Any reasonable synchronization strategy involves defining data ownership, system scope, and system responsibility. Those are the critical components of a comprehensive, informed, and workable strategy. Often times, 2-way synchronization ends up being overkill anyway.

Keeping these responsibilities clear and distinct is even more challenging when there are multiple teams and multiple projects in motion. Conway’s law combined with varying team talent will create pockets of dysfunctional compensation when it comes to data integration. Different business departments will have stronger mandates and thus create an imbalance of resources and priority. These facets very rarely simplify the problem.

The Problem with 2-way Synchronization

The most common problems with 2-way synchronization in distributed systems are update conflicts and duplicate insertions.

The first is a question of which update “wins”. When two updates of the same semantic thing that exists across multiple systems happen at different times in more than one system, which update takes precedence? It’s easy to say “last one wins” or “first one wins” but it is not always straightforward to determine which update occurred first or last without sophisticated mechanisms like vector clocks (that usually don’t exist).
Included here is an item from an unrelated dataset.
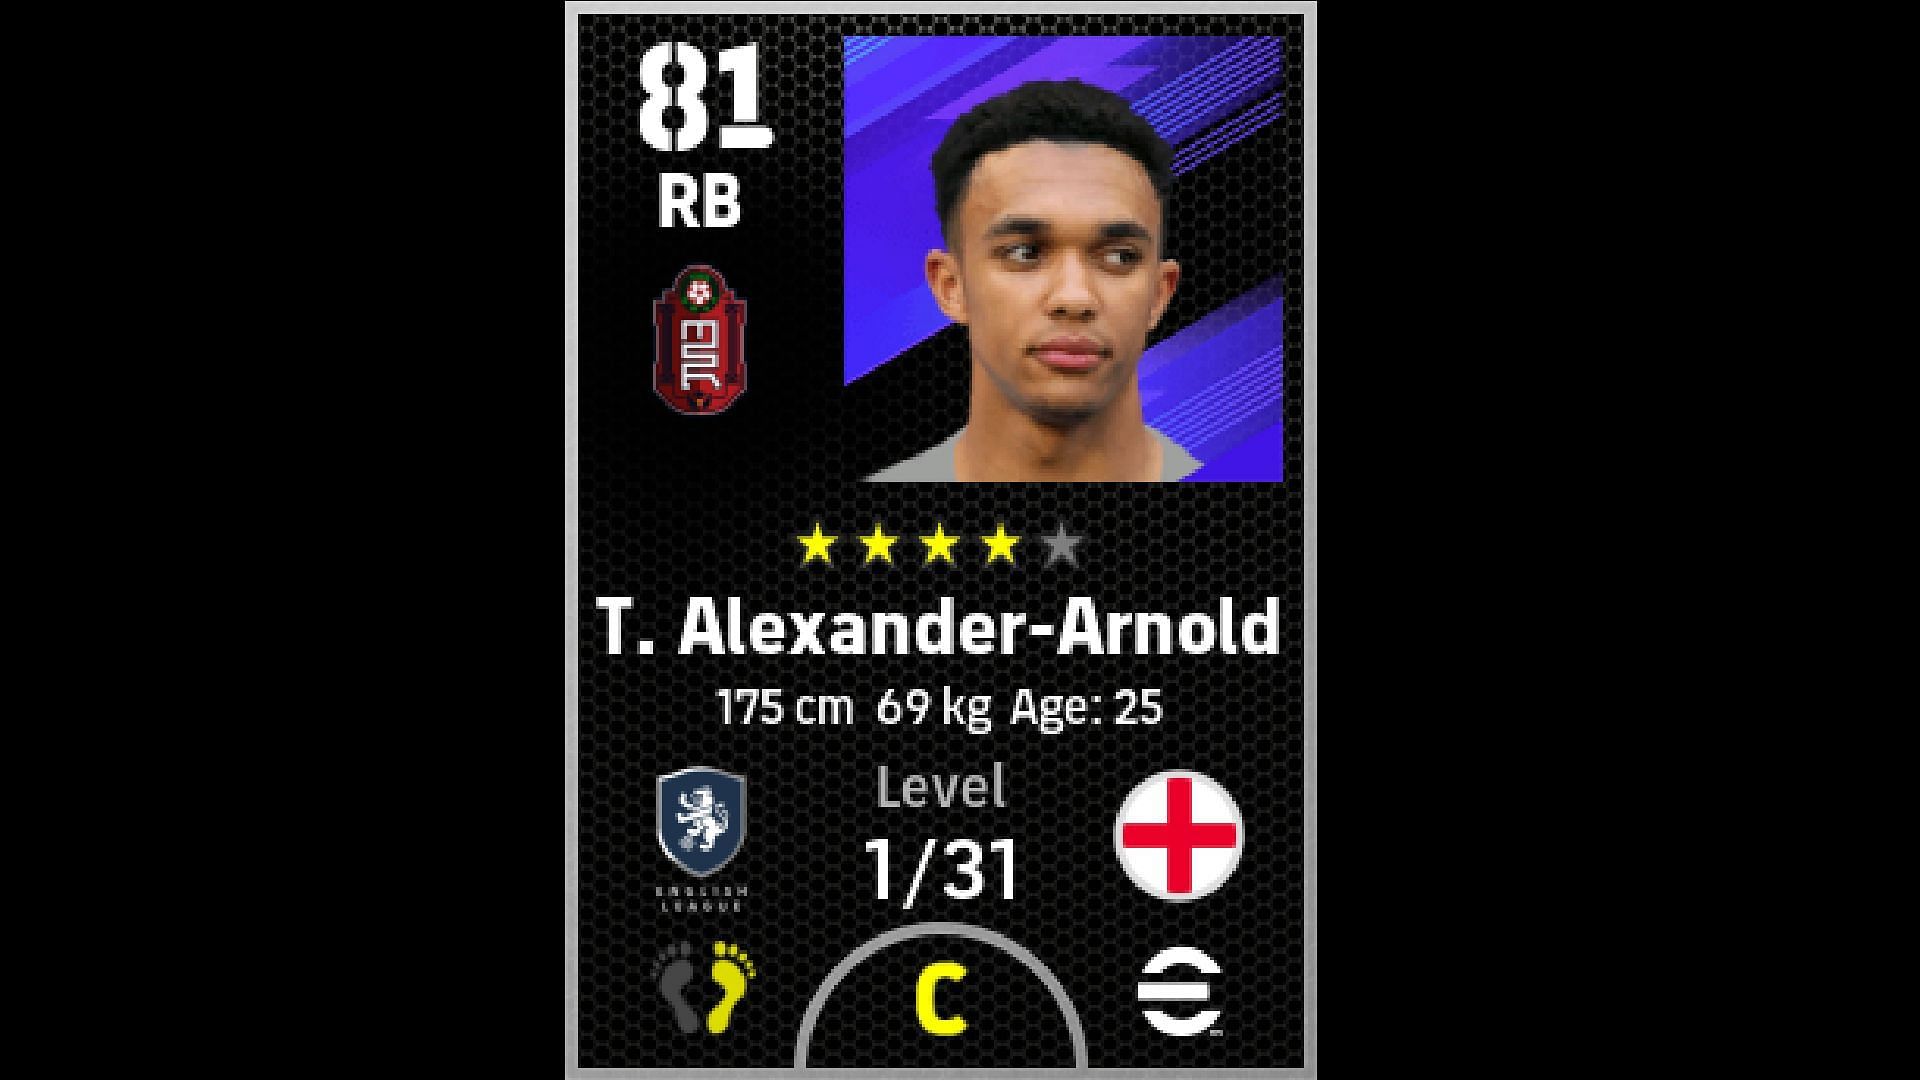 Trent Alexander-Arnold is currently among the best Right Backs in the world (Image via Konami)

Beyond that, what do we do with the update that fails? Is that update’s existence wiped from the record as if never happened in the first place? Or do we attempt to merge those updates in ways that do not conflict? Or do we involve a human resource to resolve manually?

Duplicate insertions can be even more problematic. Unless there are consistent and unique ID values there are few ways to match up the same thing when insertions happen in two or more systems. When dealing with people, email addresses have been the most common way to match people across systems, however the same person can have multiple email addresses. Likewise, not all things have consistent and distributedly allocated IDs like an email address.

Even when these things can be matched up, you now have the update conflict problem to deal with. And then imagine adding a 3rd or 4th system.

Common Exception to the Rule: Single User, Multiple devices

A fairly common use case that 2-way synchronization may be appropriate for is single user, multiple devices. Because a single person is making changes, applying a brute force, 2-way synchronization approach may work well. “Last one wins” is an acceptable default conflict resolution strategy and other conflicts (e.g. duplicates) can be resolved quickly by one person.

Change the Problem

IT needs to think about this problem differently. This is not exclusively a technical problem.

The ideal solution is to have 1-way data flows with explicit ownership. Changes occur in the system of record and they are propagated to the other systems that need to know. Determine the “system of record” explicitly for each data element. If there are multiple systems of record for a given data element, this is likely a red flag. It may be better to unify the system of record, than to maintain a 2-way data synchronization implementation.

FWIW, we have seen this play out in popular UI framework architecture patterns: 2-way data binding vs. Flux. And Flux is a better choice. Don’t @ me.

Do not assume all systems are equal in terms of their need to change and maintain data. Many systems only need to be notified that some relevant business event occurred in another system. In other words, instead of synchronizing raw data, send a message.

Make that message semantically meaningful. Make sure that message captures that a relevant action took place in the system of record. This is why asynchronous, message-based, CQRS style architectures with idempotent processing make more sense for distributed systems. It is also far more extensible because adding that 3rd, 4th or 8th system is fairly straightforward.

The Plan

  1. Do the appropriate analysis. Understand system responsibilities, data ownership, business processes, and synchronization needs.
  2. Strongly prefer 1-way data flow with semantically meaningful, message-based events.
  3. Adopt 2-way synchronization as a last resort.